DATA EXTRACTS

--------

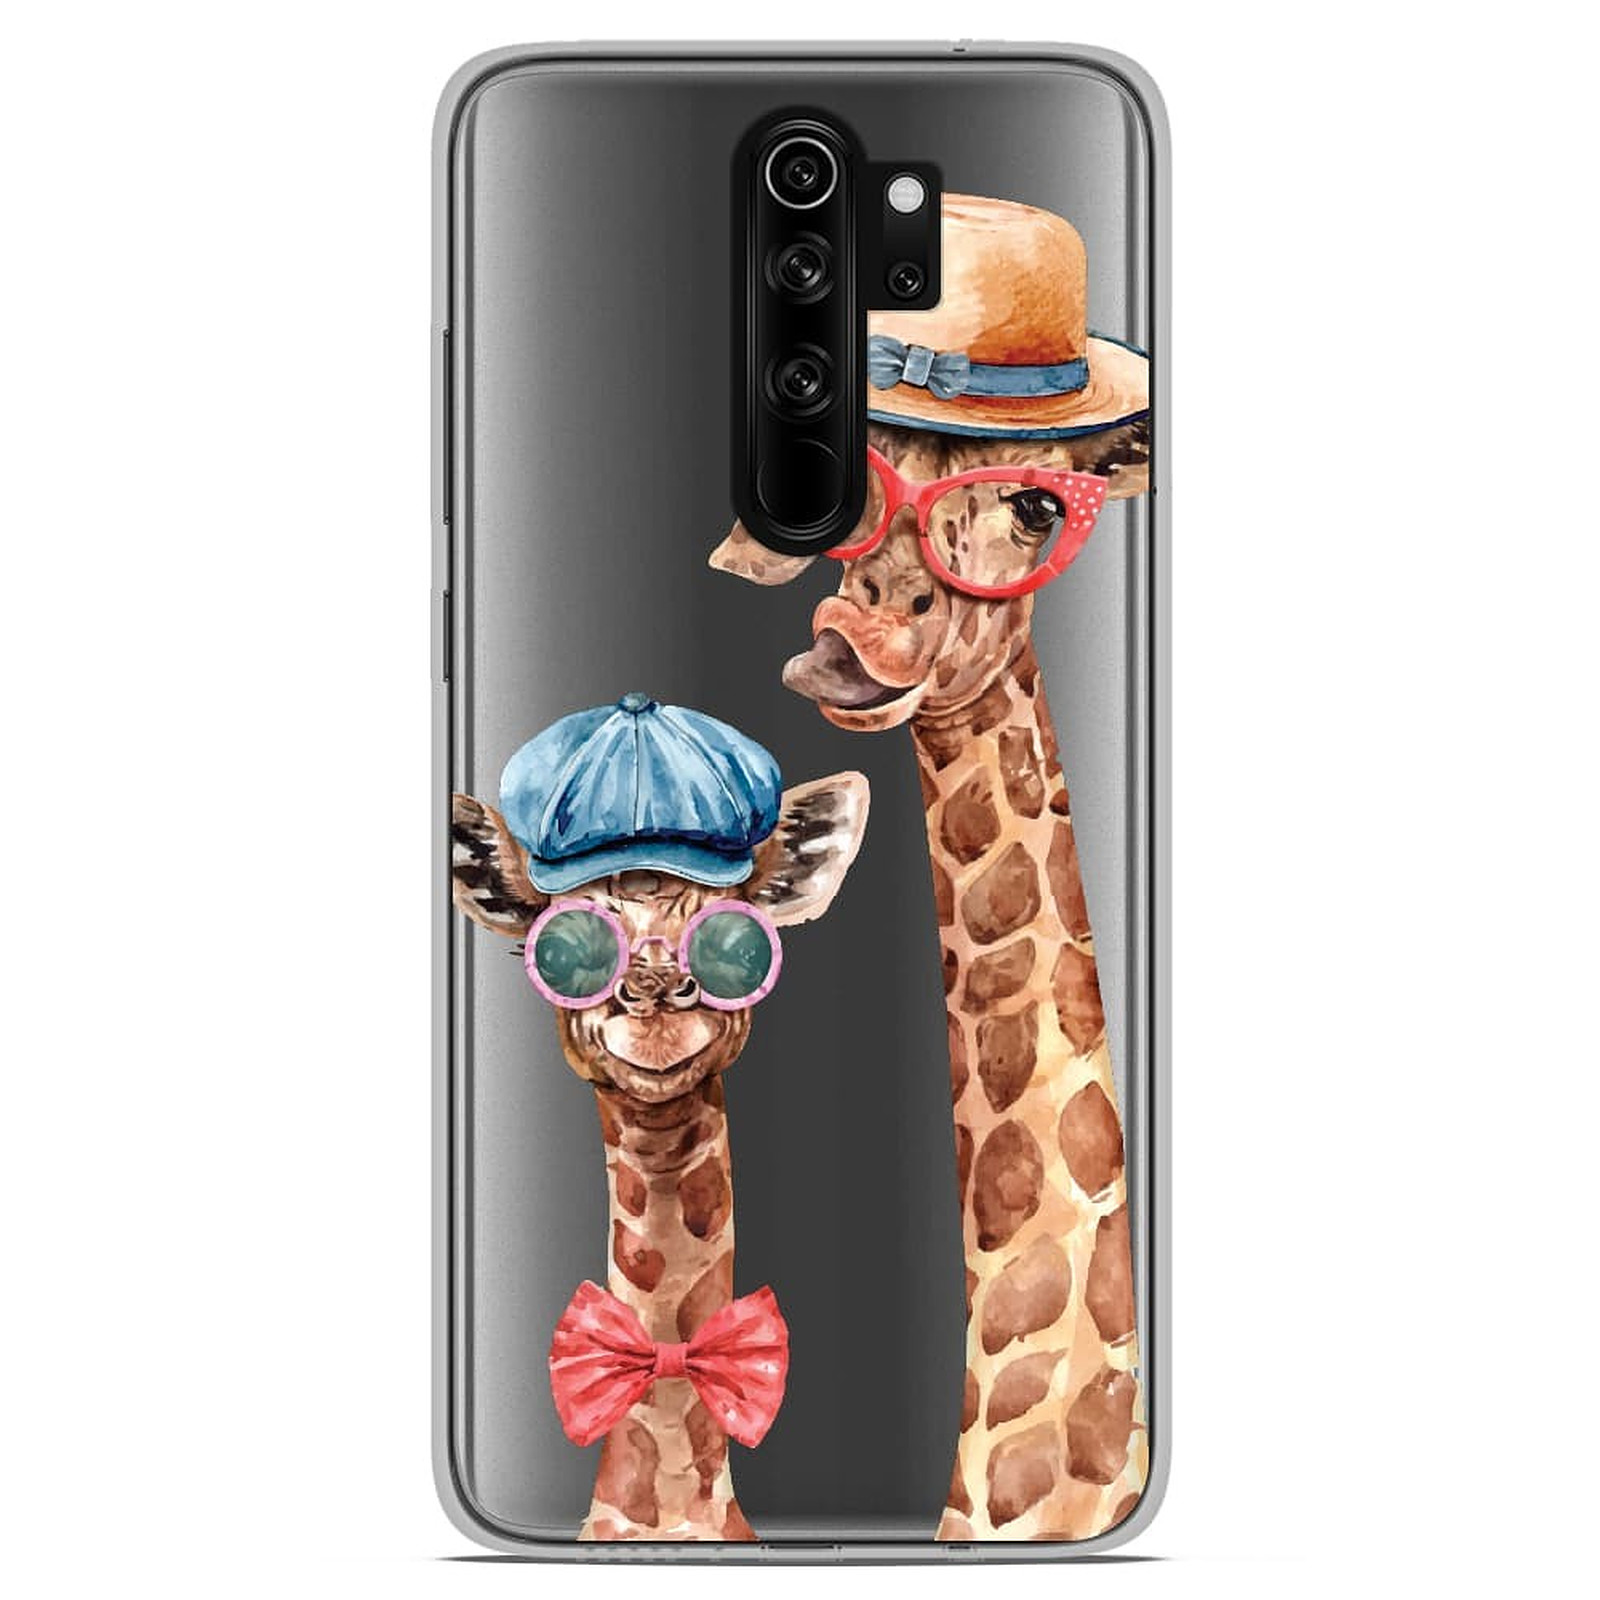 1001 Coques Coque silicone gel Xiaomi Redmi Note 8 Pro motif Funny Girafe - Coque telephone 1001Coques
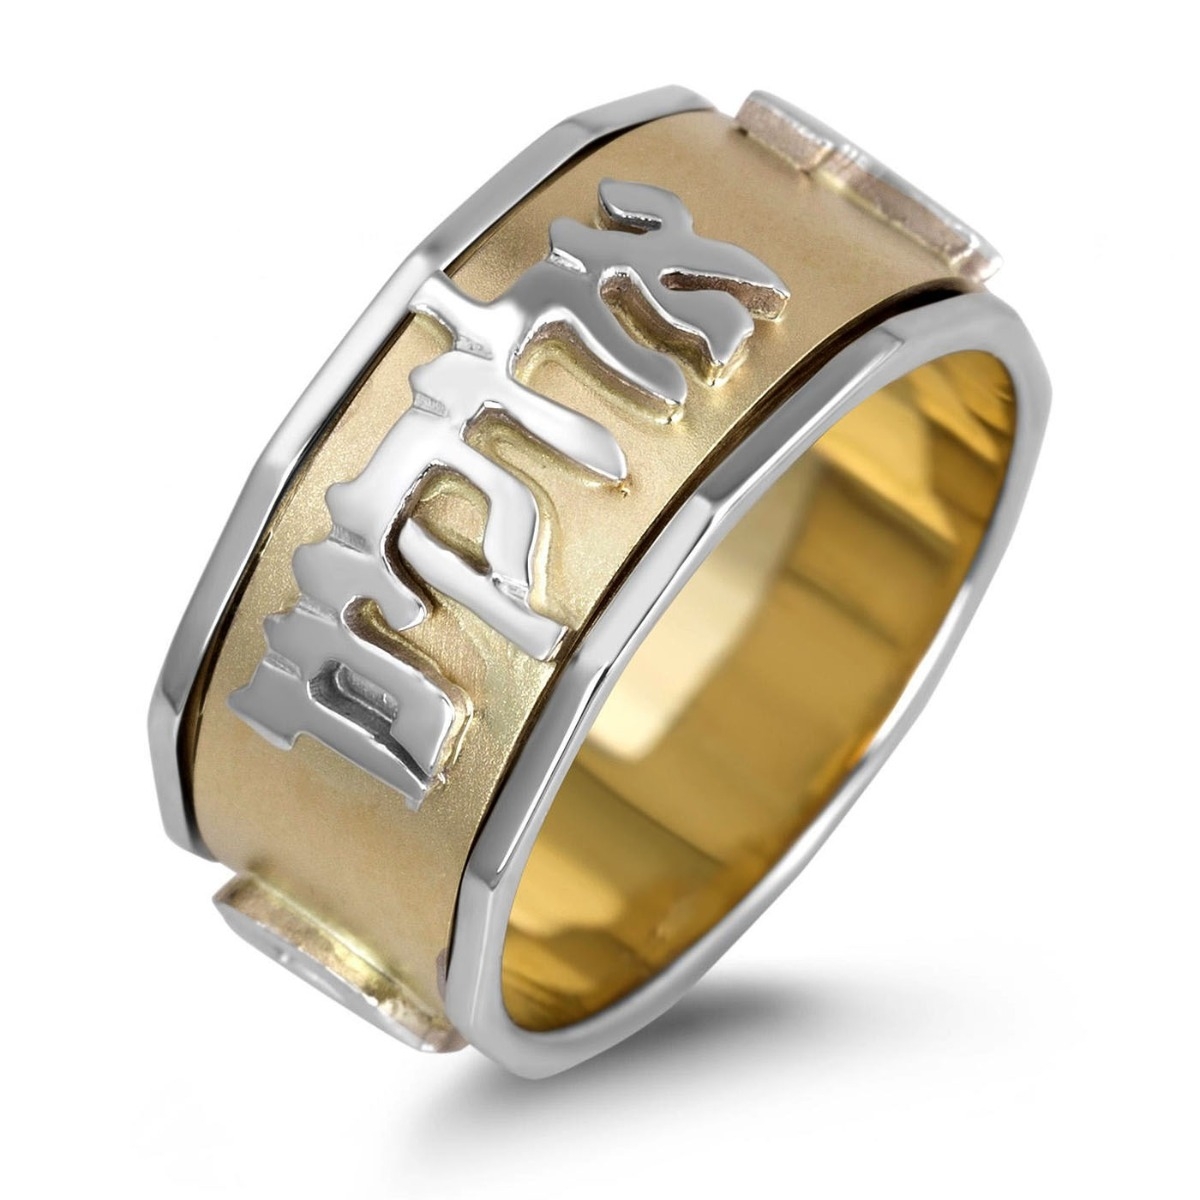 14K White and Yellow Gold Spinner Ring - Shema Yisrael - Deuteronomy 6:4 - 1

--------

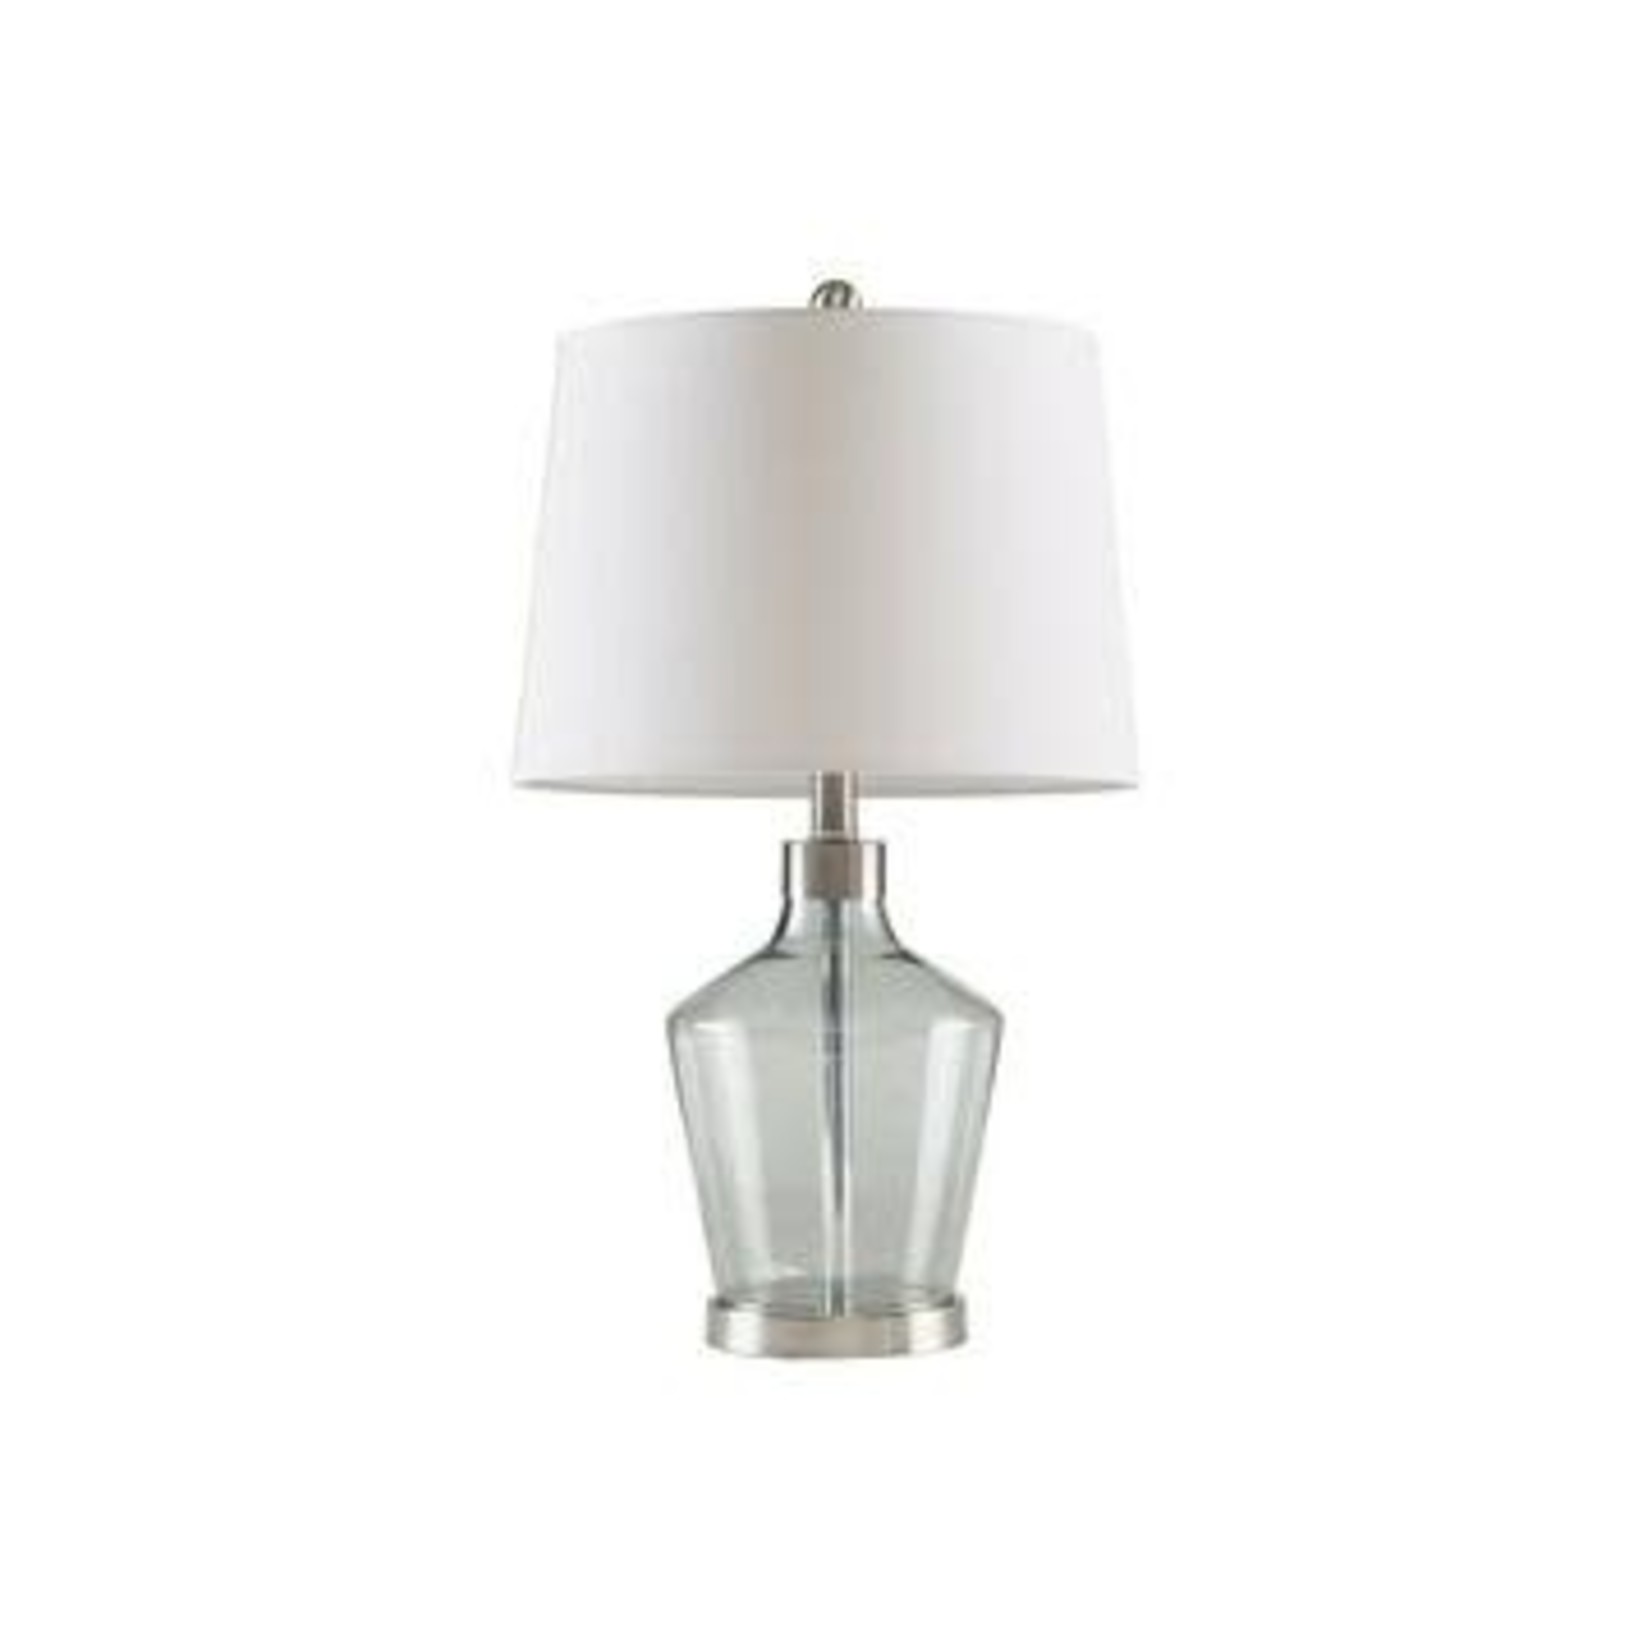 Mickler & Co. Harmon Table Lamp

--------

HOW TO COMPLETE THIS TASK
In the records above, find the line with "1001 Coques Coque" and the line with "14K White and". Write out exactly those lines and every one between, with no pictures and no other lines.

REPLY TO THE EXERCISE
 1001 Coques Coque silicone gel Xiaomi Redmi Note 8 Pro motif Funny Girafe - Coque telephone 1001Coques
 14K White and Yellow Gold Spinner Ring - Shema Yisrael - Deuteronomy 6:4 - 1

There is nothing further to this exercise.